Aside from all of this controversy of Longstreet's acknowledged "apathy" (noted by his own staff), we get an indication of the kind of day already engaged in by Longstreet. It appears that he may have been in the saddle from the early hours of the morning before dawn, awaiting the arrival of the Taneytown Road scouts, sending out the "small force", making preparations to move his corps to the right, meeting with Lee and discussing conditions on the field, making arrangements with Alexander and at least Pickett for the attack, and finally riding twice with Lee over the lines, that Longstreet was rarely (if at all) at his campsite or any established headquarters since the pre-dawn hours through the noon-time. The well-known accounts of him lying down preparatory to the cannonade, with Alexander coming upon him, back near the woodsline, seems to indicate that he was indeed upon Seminary Ridge (probably Spangler's or Pitzer's Woods) until at least 1:00 P.M. And the classic stories of Longstreet sitting whittling upon his fence while Pickett's men marched to their doom confirm that he was still in the vicinity during those momentous hours, and until Pickett was repulsed. Indeed, it was his job to be there, and he would continue to be there until after the repulse, making preparations for an expected counterattack by the enemy.

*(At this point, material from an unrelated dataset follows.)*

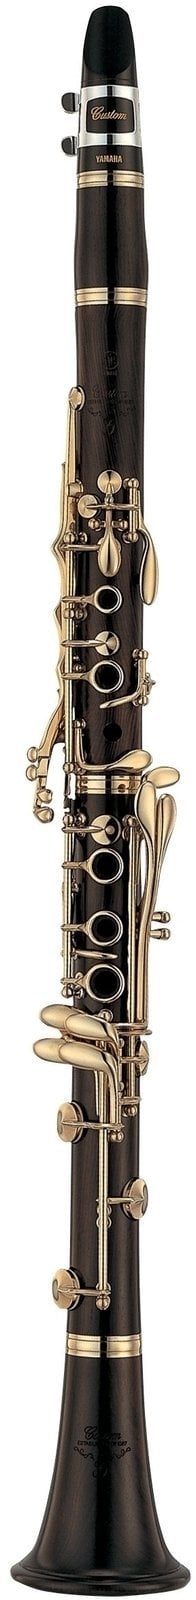 Yamaha YCL-CSG III H 02 Clarinet Si b
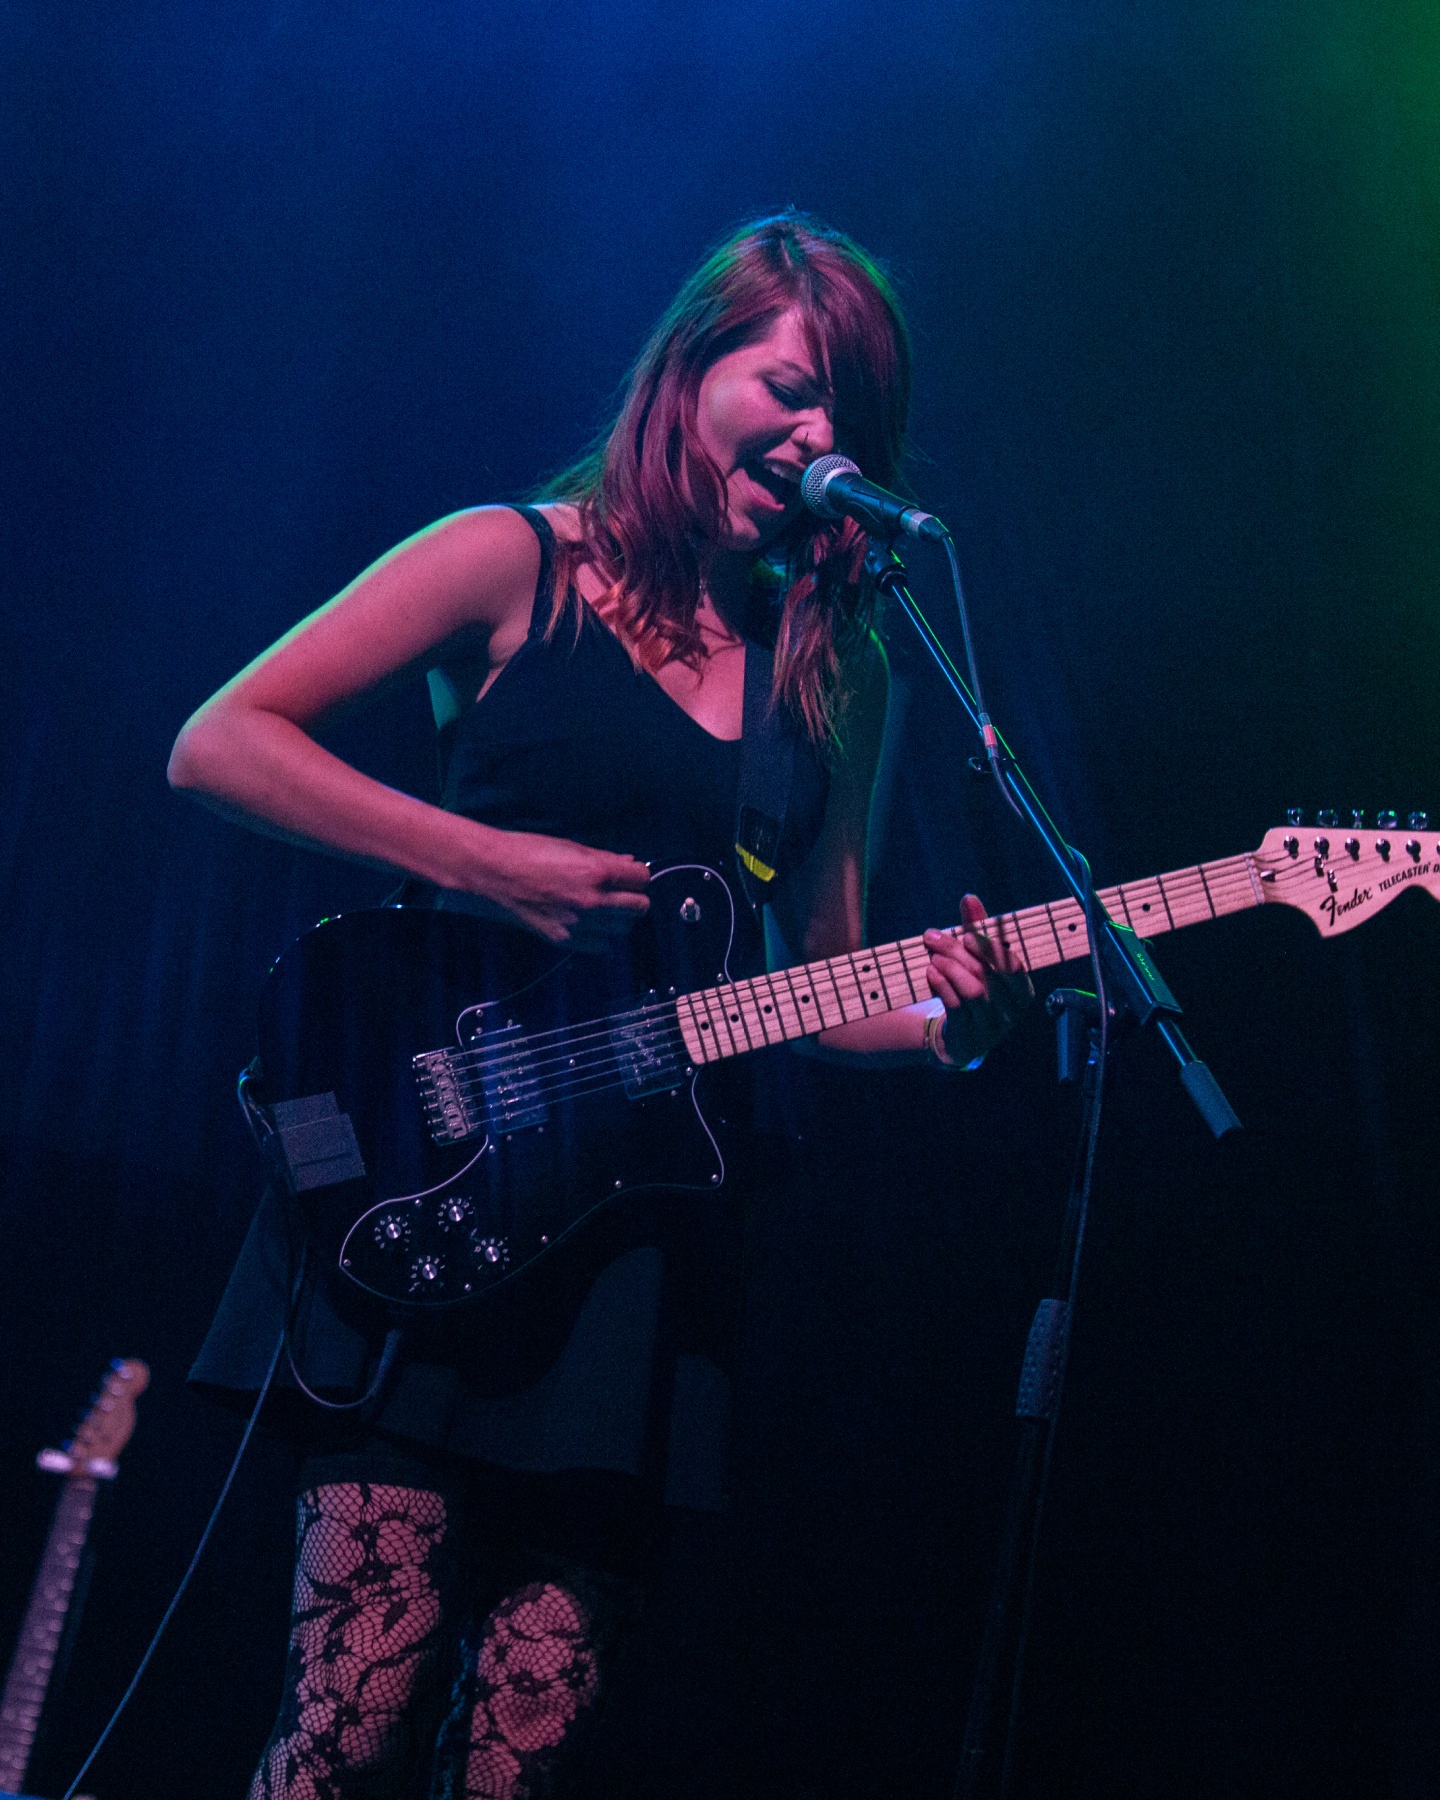 Una imagen que muestra a Rews actuando en un escenario con una guitarra

What all this means, in much shorter words, is that Longstreet had little or no established headquarters site during the Battle of Gettysburg except on the field of battle itself, and not behind the lines as is common in a defensive or siege operation. We have already accounted for Longstreet absence from the battlefield proper on July 1, when his headquarters were in the saddle while moving toward Gettysburg, then with Lee, and then with his command encamped near the Chambersburg Pike and Willoughby Run. On July 2 his headquarters were again in the saddle--during the march from the pike to his place in line some four miles southward, during the attack by his two divisions on the Sickles line, and during the evening when consolidating his gains and making arrangements to scout out a flanking movement. On July 3, his headquarters left any campsite early in the pre-dawn hours, while awaiting word from his scouts, sending out a holding party to the Baltimore Pike, making preparations to move around the Union army, meeting with Lee on the line (?), making dispositions for the cannonade and assault, watching the assault and repulse, and organizing a hasty defense. During all the important moments of the battle, Longstreet was not at any specific headquarters site, or at any point in the rear of the conflict, but with the troops themselves, where he could watch and direct their movements. Therefore, any claim by anyone for significance for a certain site or structure as Longstreet's Headquarters is pretty weak at best, since the site itself was secondary to the battle (if not tertiary in this case).

However, certain claims have been made for a one-story frame shed-like structure as the true Longstreet's Headquarters. Despite the above historical data which seem to imply that a fixed structure or site was irrelevant to Longstreet's movements and actions at Gettysburg, it might be warranted to examine the facts as they relate to this building and see where the relation may lie.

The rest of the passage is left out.